By using pommunity, I introduced random sequencing errors, so they look just like what we would expect to see if we had isolated these reads from an actual 454 run.

These 10 samples contain two different types of Pelagibacter. Also, the ratio of two types of Pelagibacter in these samples are different: the first 5 samples are composed of 91% of type 1 strain and 9% of type 2 strain, while the last 5 samples are composed of 9% percent type 1 strain and 91% type 2 strain.

At this point you know everything about the content of this FASTA file. If you are up for a challenge, you can play with this FASTA file by using your favorite tools to extract the information I just explained. I already tried a couple of things: if you use RDP or GAST, you will have all these reads assigned to Pelagibacter. If you would use UCLUST to cluster them, you will get 4 clusters at 97%, and 169 clusters at 99% identity level.

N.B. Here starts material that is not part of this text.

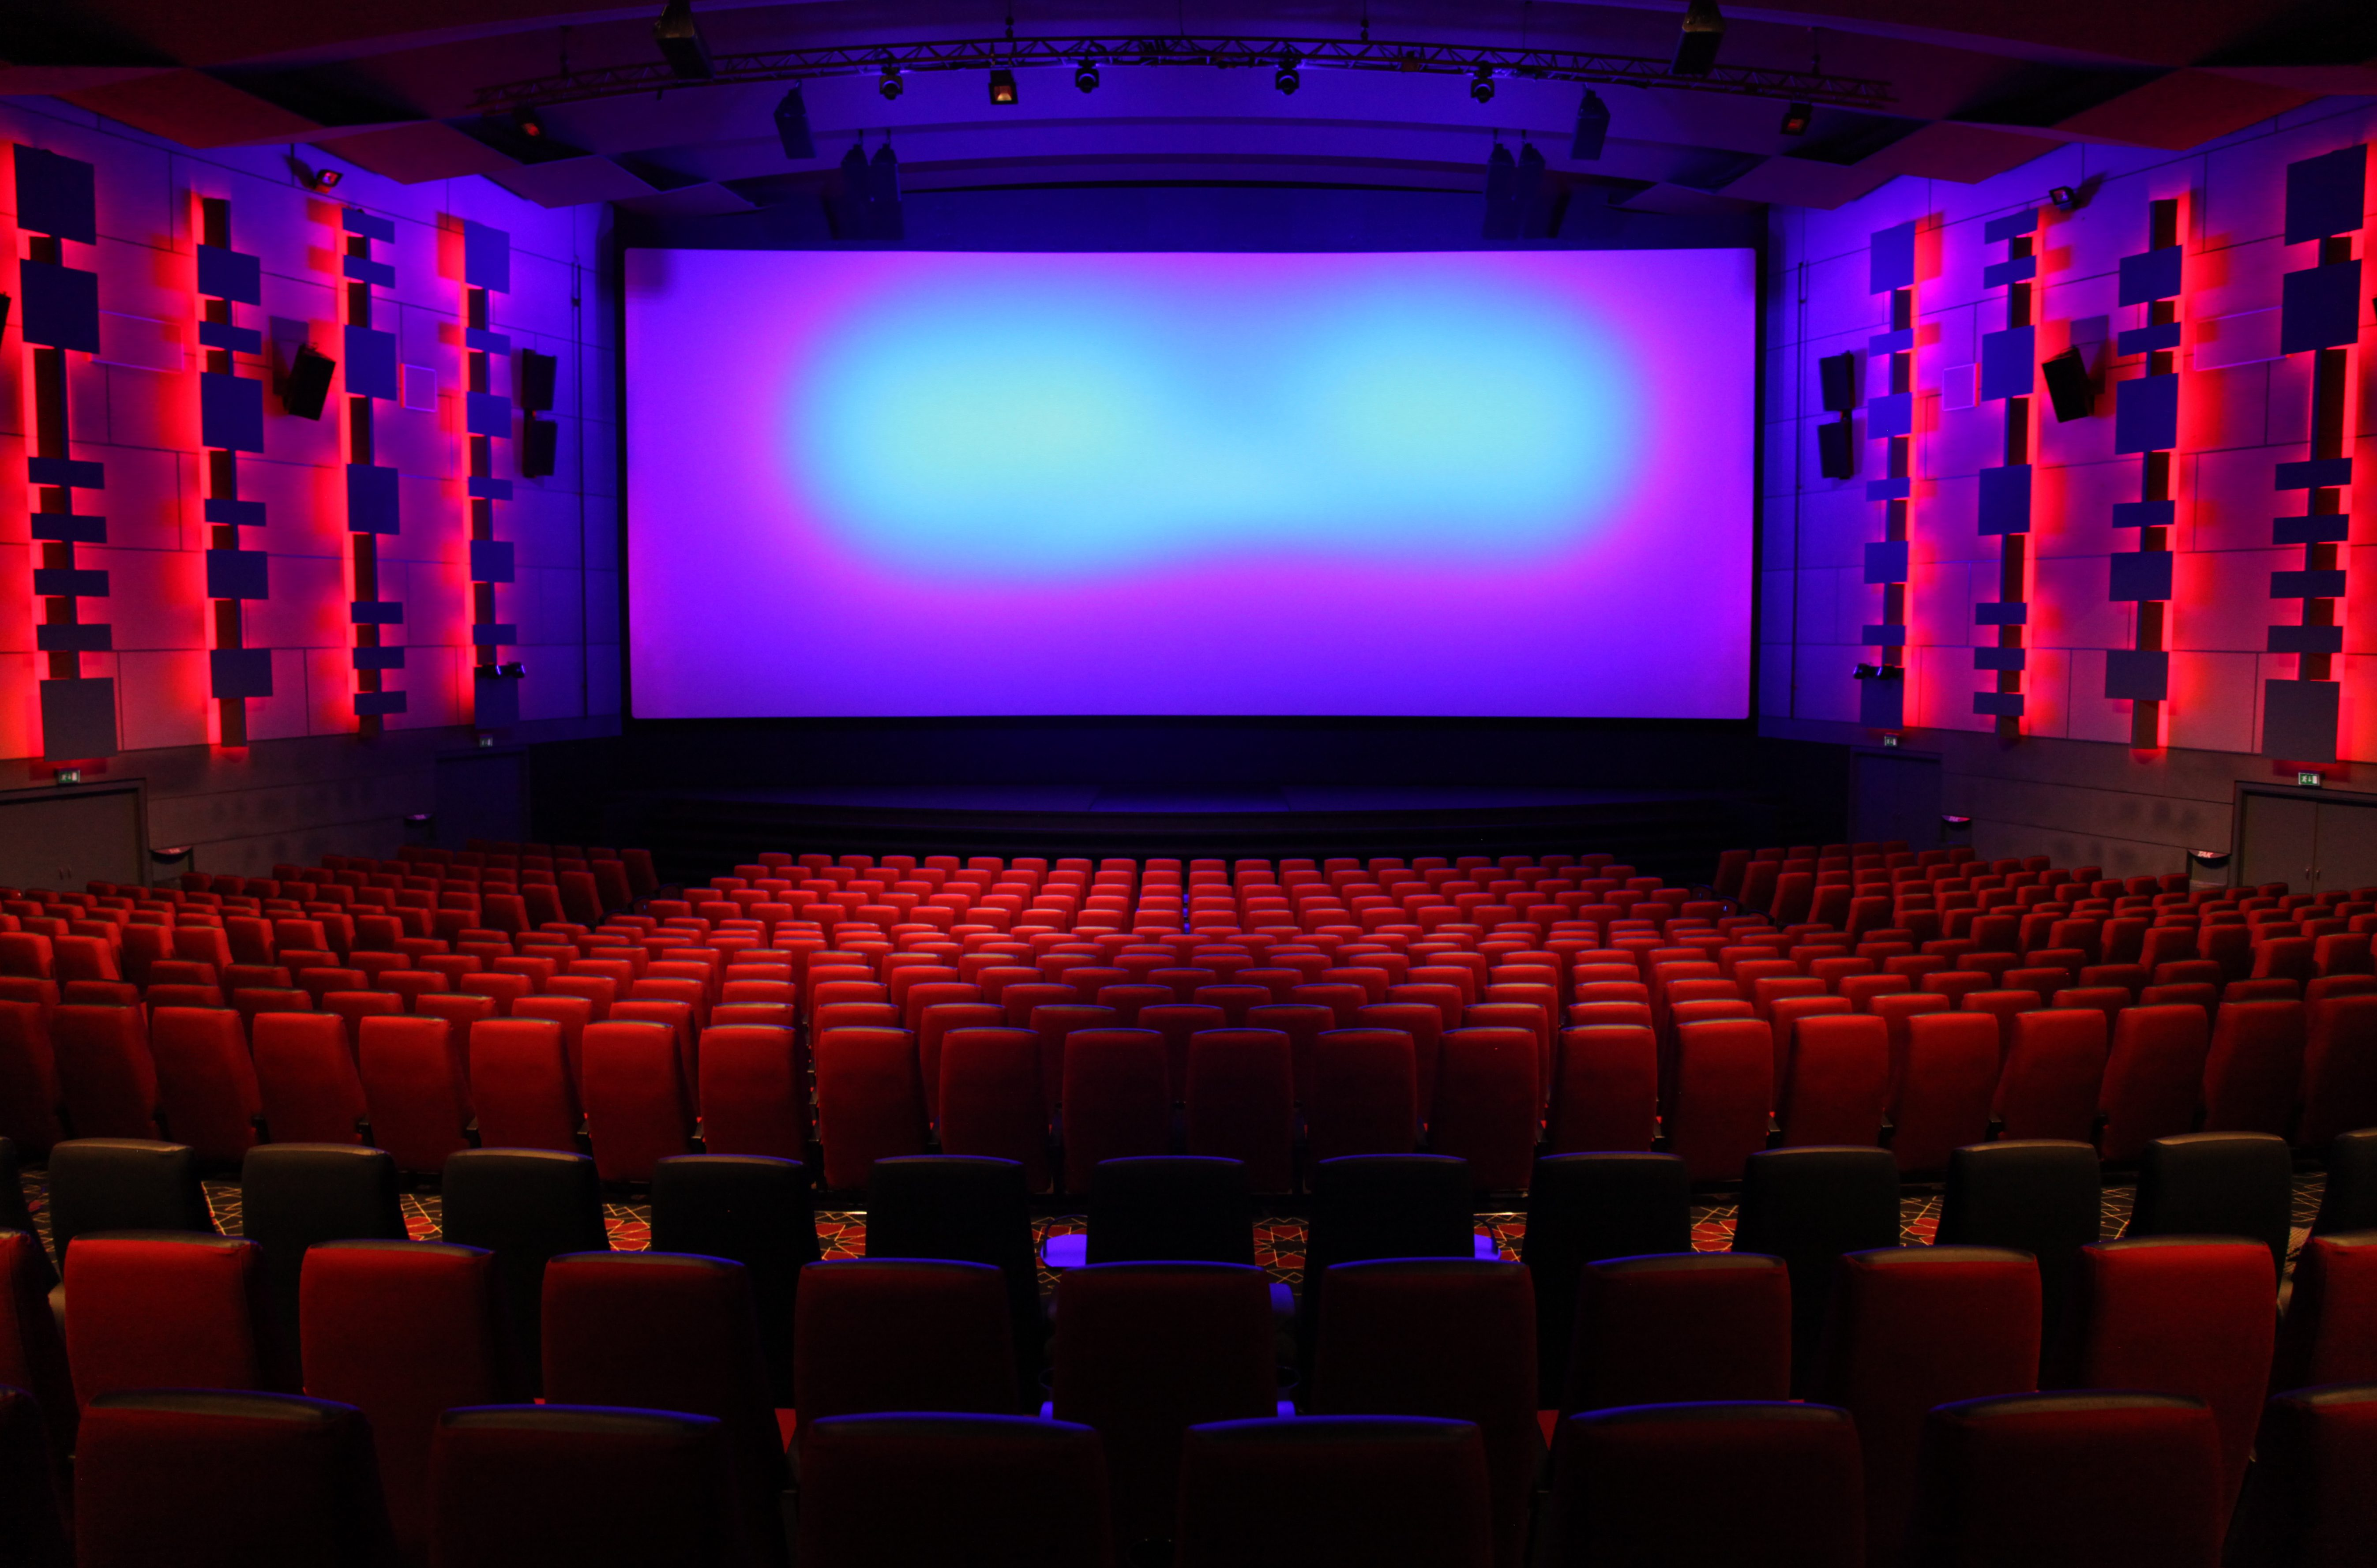 verdens smukkeste bryster biografer i Odense

## Getting the Pipeline Going

### Installation

For installation instructions, please refer to this post:

https:merenlab.org/2014/08/16/installing-the-oligotyping-pipeline/

Alternatively you may acquire the virtual machine and get the pipeline running without an installation:

https:merenlab.org/2014/09/02/virtualbox/

### Preparing the FASTA file

The oligotyping pipeline requires the input FASTA file to be formatted in a certain way.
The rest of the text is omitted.